8 INTERNATIONAL FOOTBALL
The game is also played between countries. England has a team made up of those few players in English football not called van Zweidelbonk and as a result usually could not defeat a girl's netball team although they often have better haircuts and jewellery. The England team has a manager appointed who must not be English in case he claims to have been abducted by aliens or something equally embarrassing. The manager has little effect on the team however and must enjoy occasionally sitting in cold places comforted only by the several million pounds a year compensation they receive.
The manager is appointed by an organisation called the FA which is derived from the expression "to know FA". The author of this short pithy introduction to the 'beautiful' game,as it is known by people who do not know the meaning of the word "beautiful",has applied for this job on several occasions on the grounds that he could not possibly f**k it up(see above) any more than the existing incumbent. Moreover,he is prepared to do it for half the money so everybody wins. By way of recommendation,the author is willing of course to spend some time picking up the rudimentary vocabulary and boundless optimism necessary, as well as forgetting everything he ever knew about mathematics in order to be able to function on the financial side of the game as well.

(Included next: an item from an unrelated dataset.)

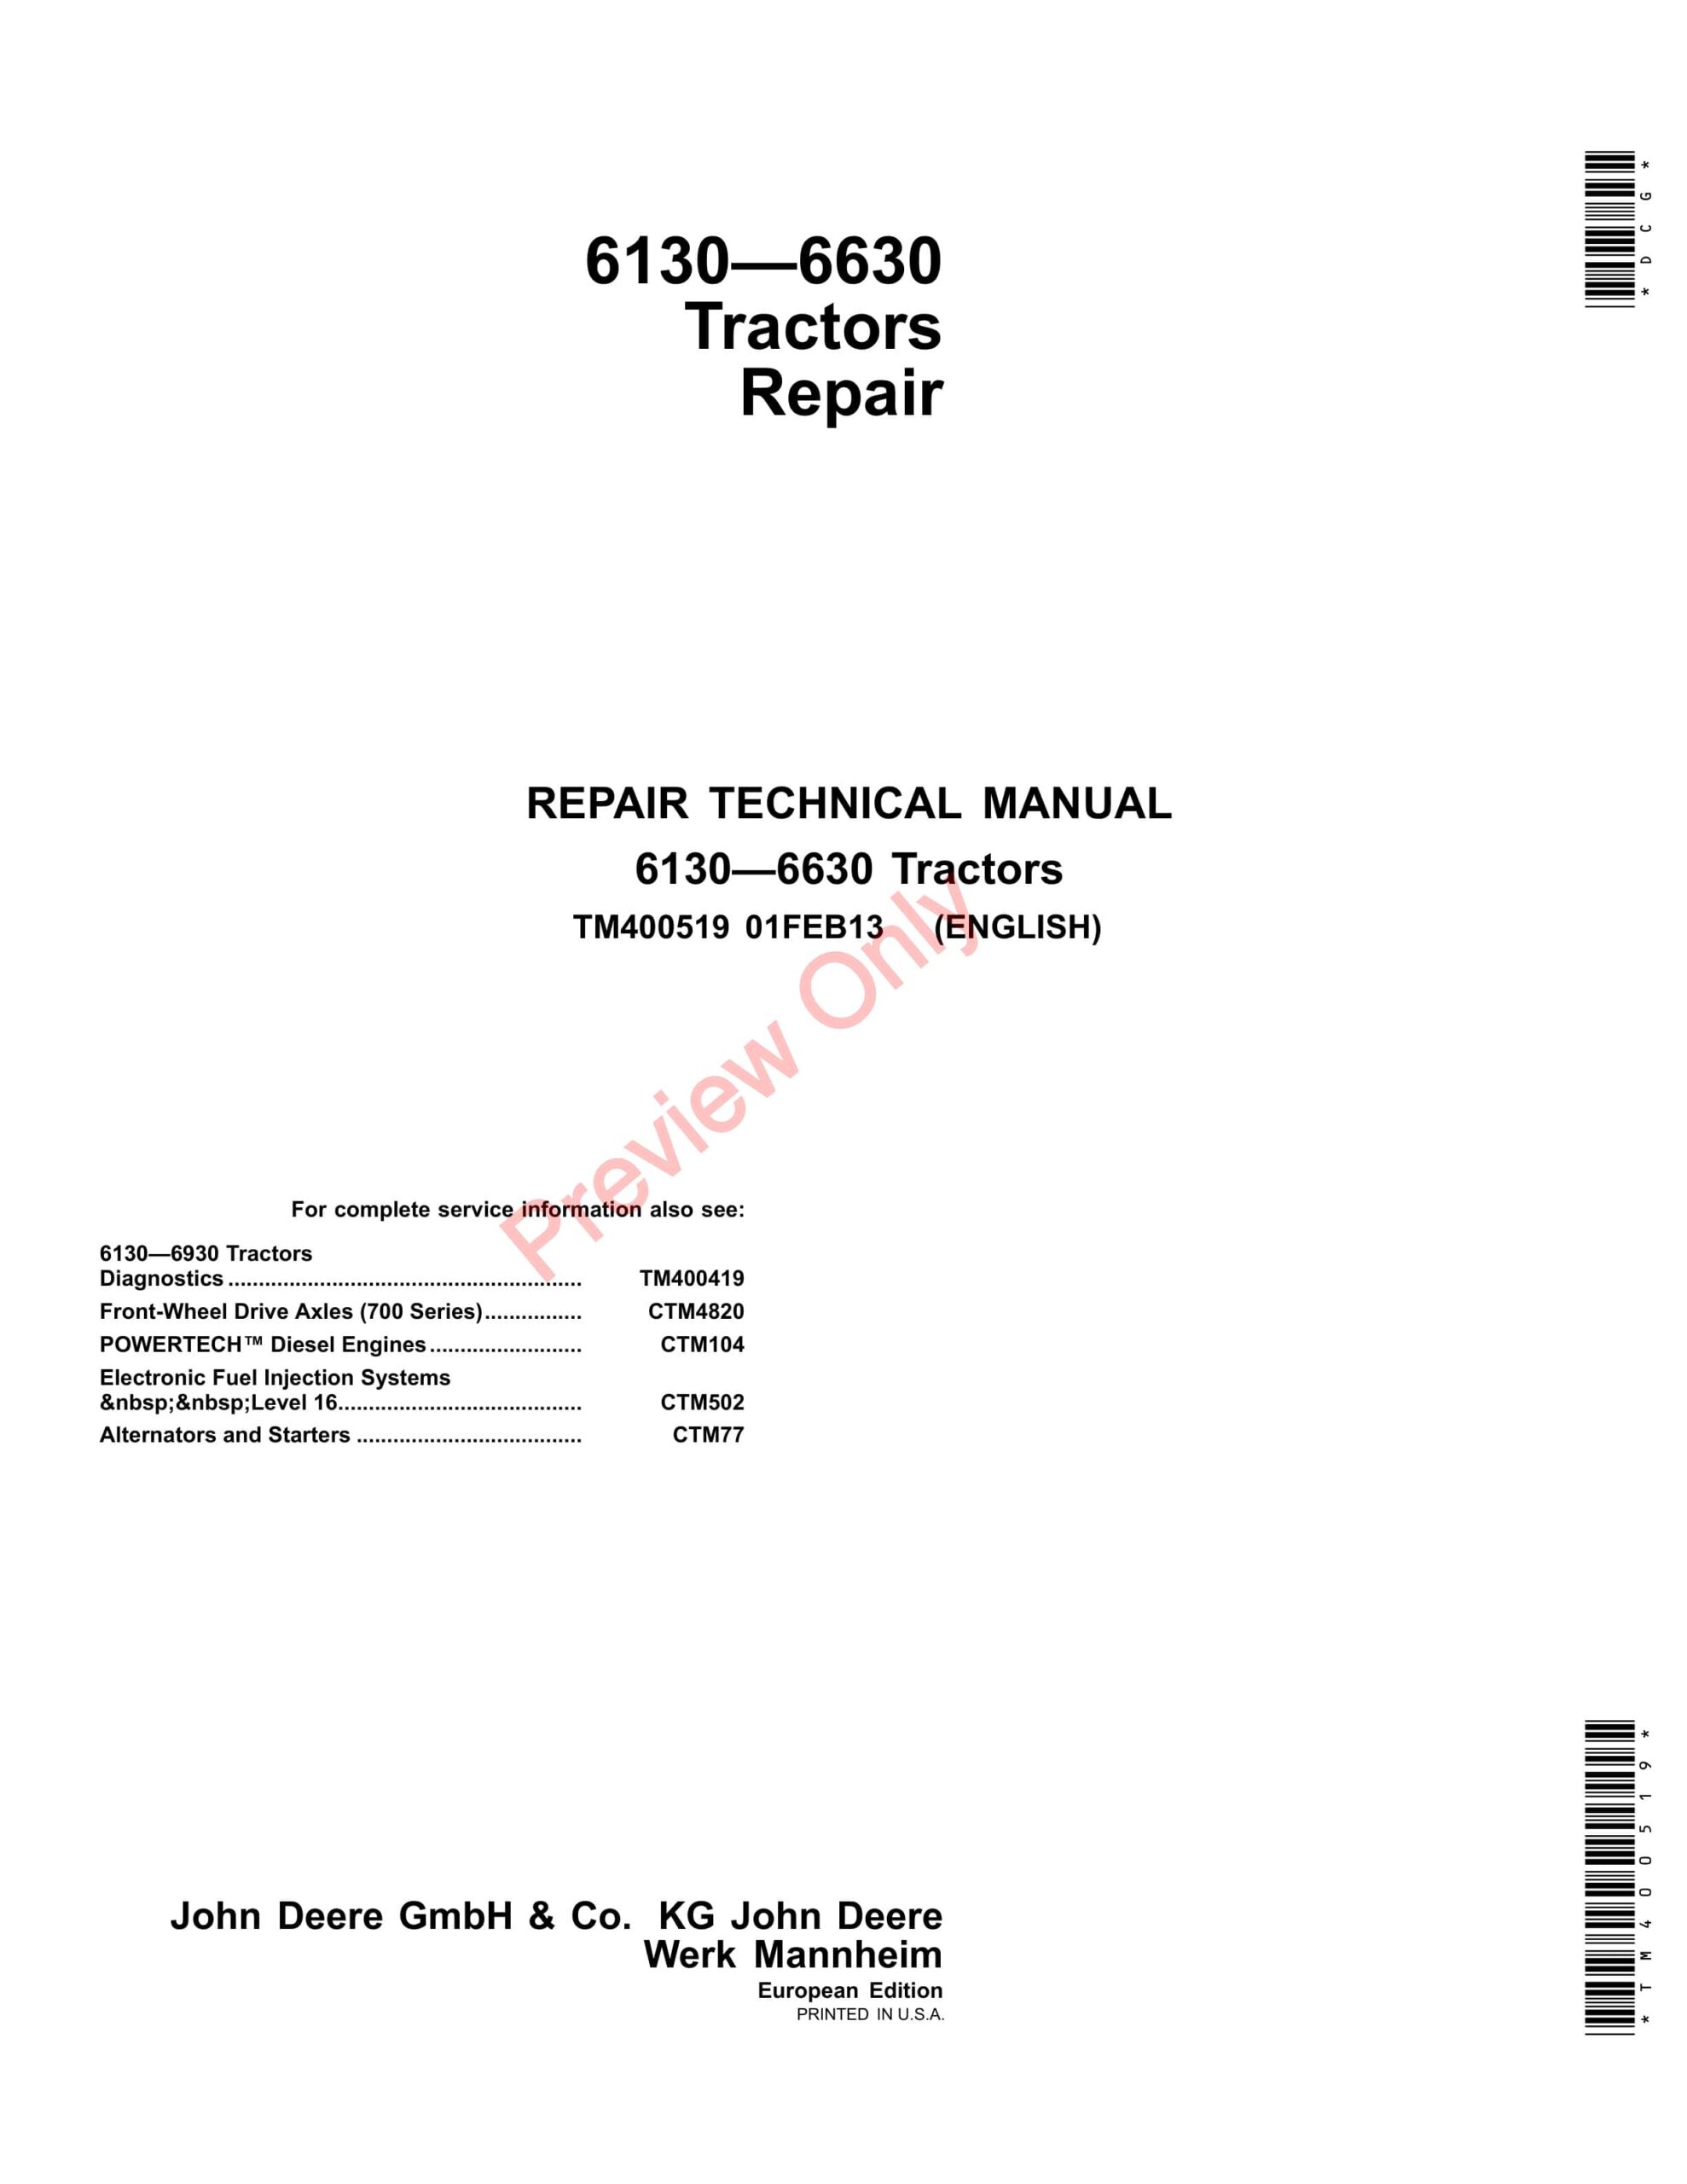 John Deere 6130, 6230, 6330, 6430, 6530, 6534 and 6630 Tractors Repair Technical Manual TM400519 01FEB13-1

Members of the FA have to be able to ignore any of the more unpleasant aspects of the game whilst continually attempting to remind everybody that it is still 1966,a year when the England team unaccountably won something called the "World Cup". Hollywood have now made a film of this phenomenon called "Groundhog Day". England have never been in the remotest danger of repeating this as every time they manage to beat teams of welfare workers from Guernsey to qualify for the "World Cup",they keep meeting a team called Germany who,for some reason which the people who wear football shirts on holiday in Spain cannot understand,are always better than England.